• **Problem requirements**: Leave the pictures in the listing below aside and reproduce exactly the lines starting with the one with "Essential Free Tour Salamanca Banner" and going on through the one with "Philips Wiz Portable", both ends included.

• **Dataset content**:
* * * * * * *

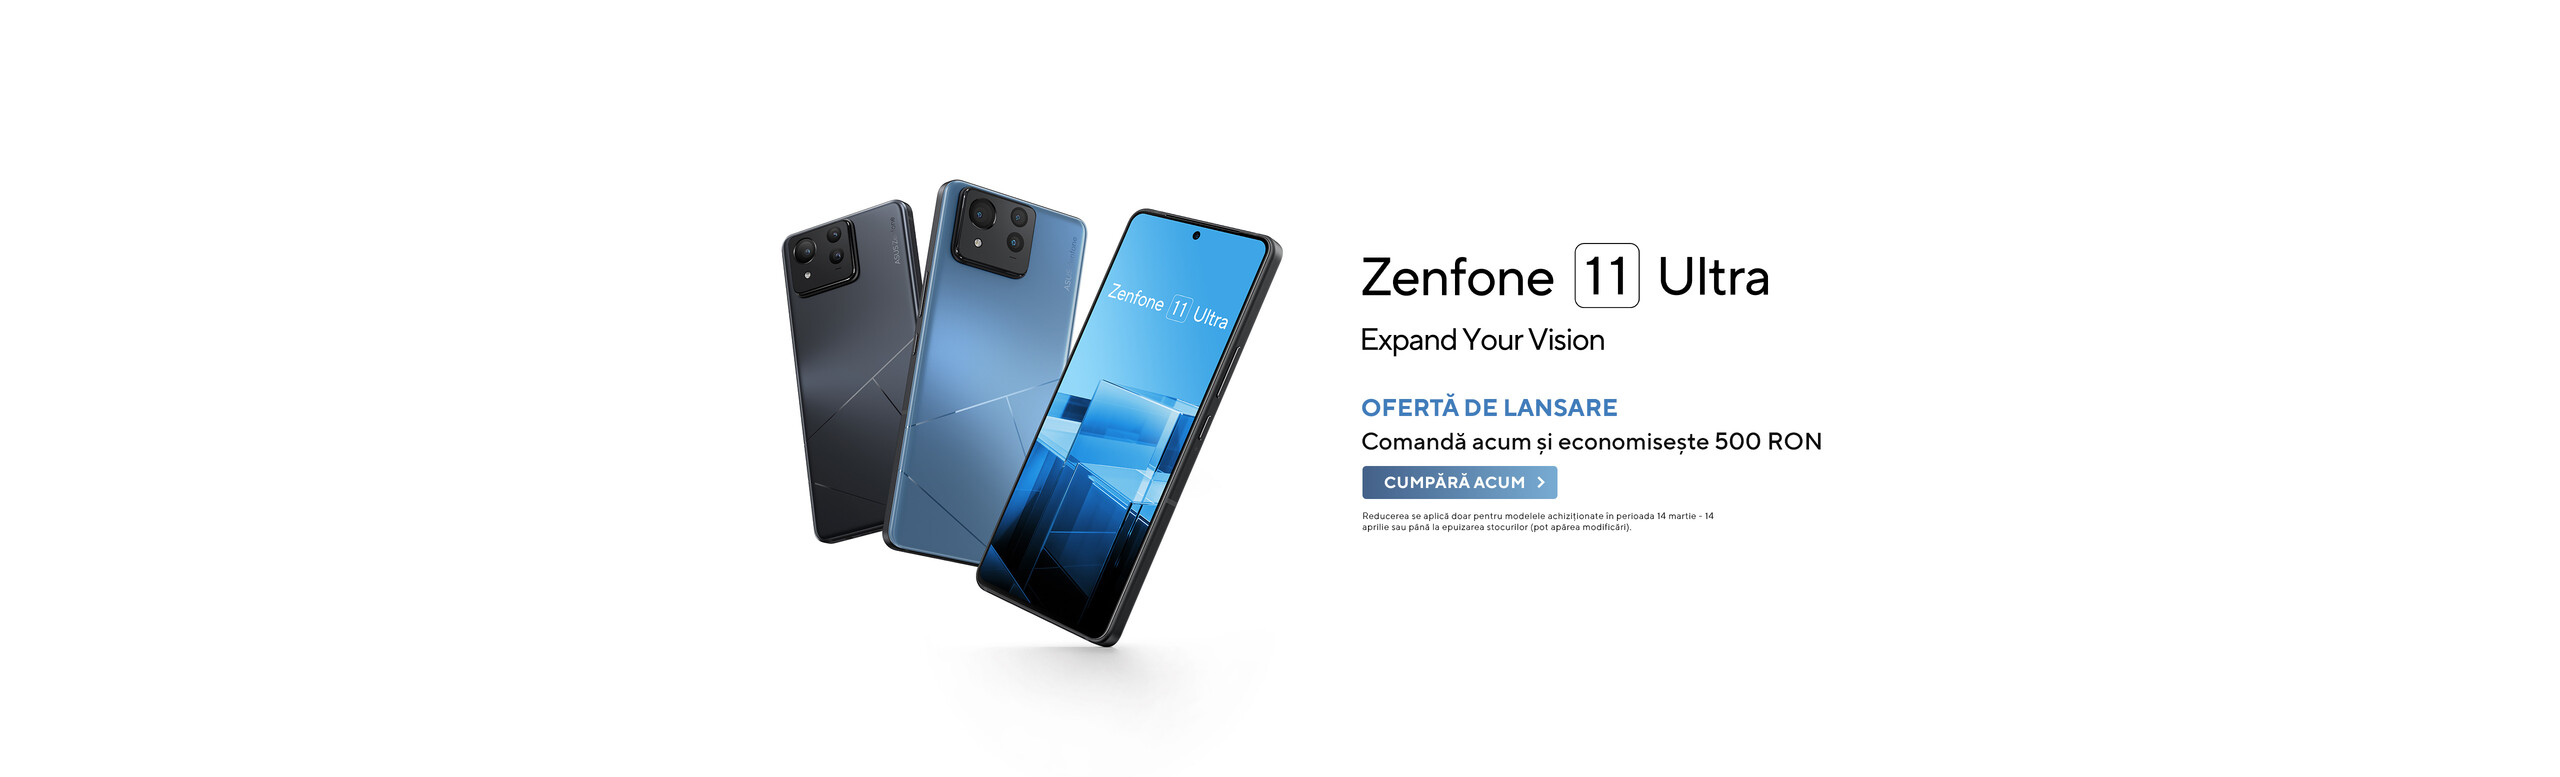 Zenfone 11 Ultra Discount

* * * * * * *

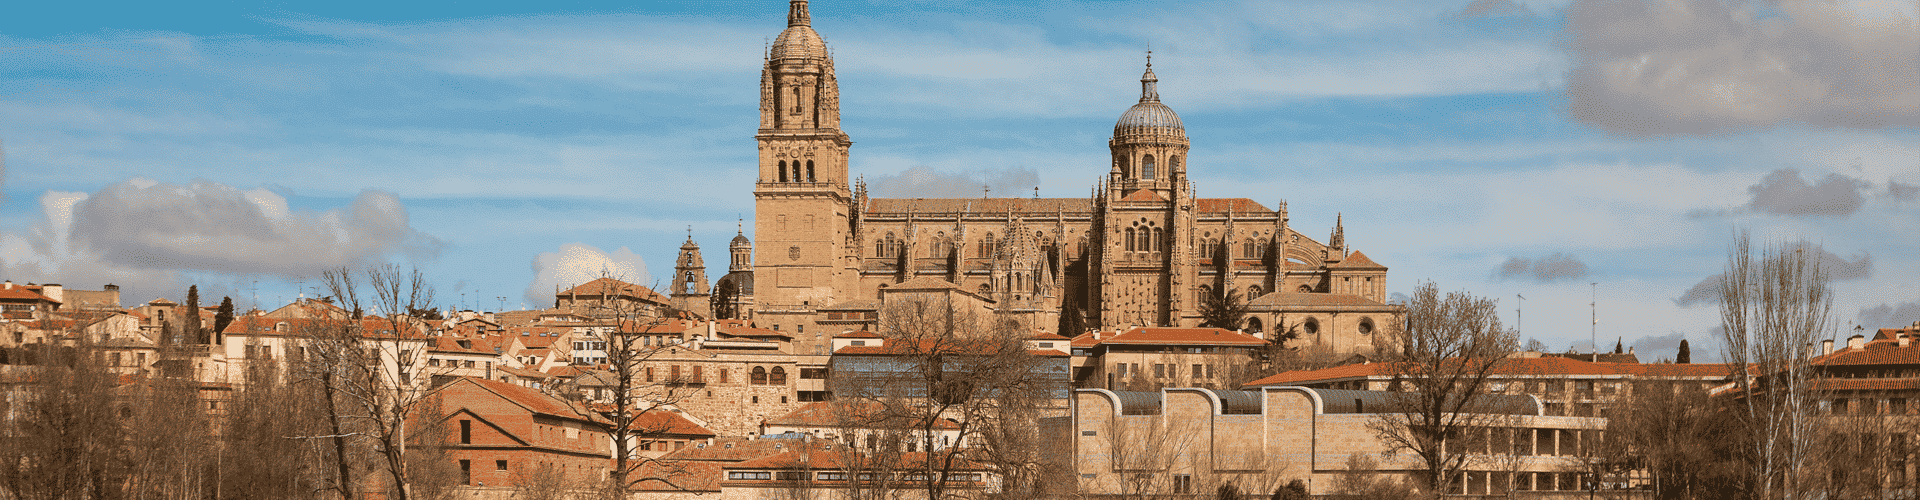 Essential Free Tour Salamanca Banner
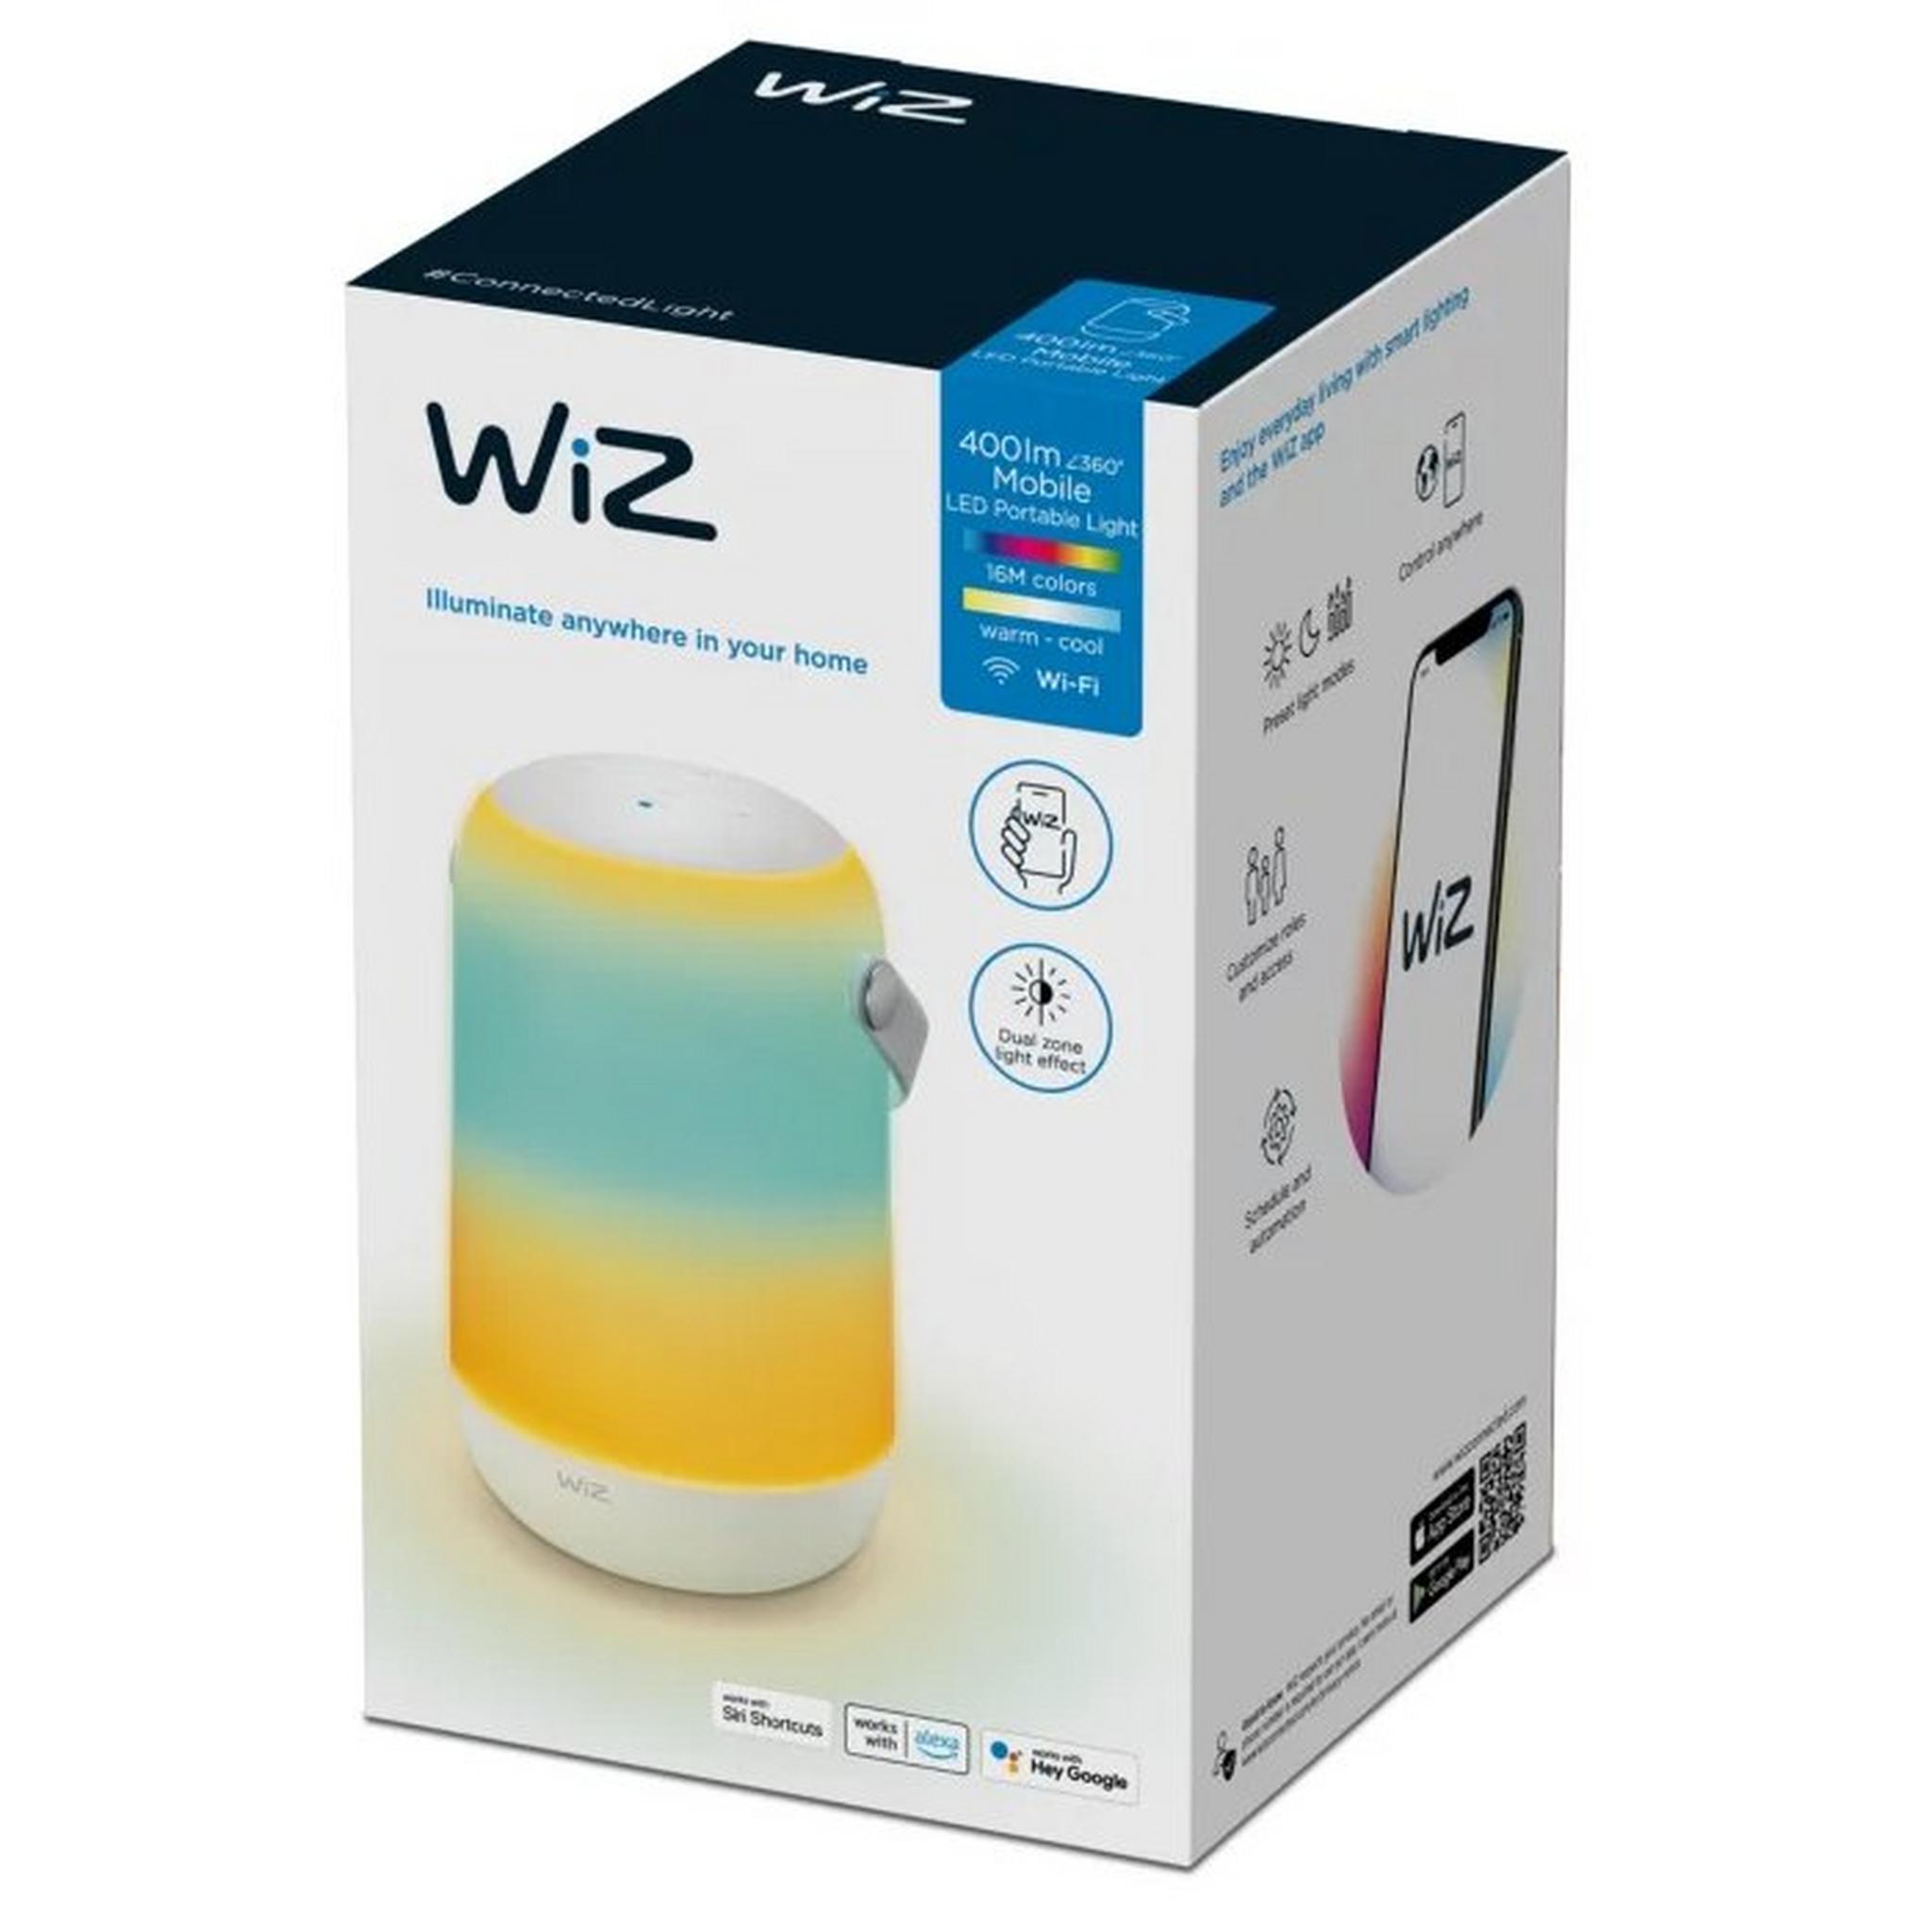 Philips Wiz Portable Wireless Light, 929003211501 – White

* * * * * * *

• **Exercise response**:
 Essential Free Tour Salamanca Banner
 Philips Wiz Portable Wireless Light, 929003211501 – White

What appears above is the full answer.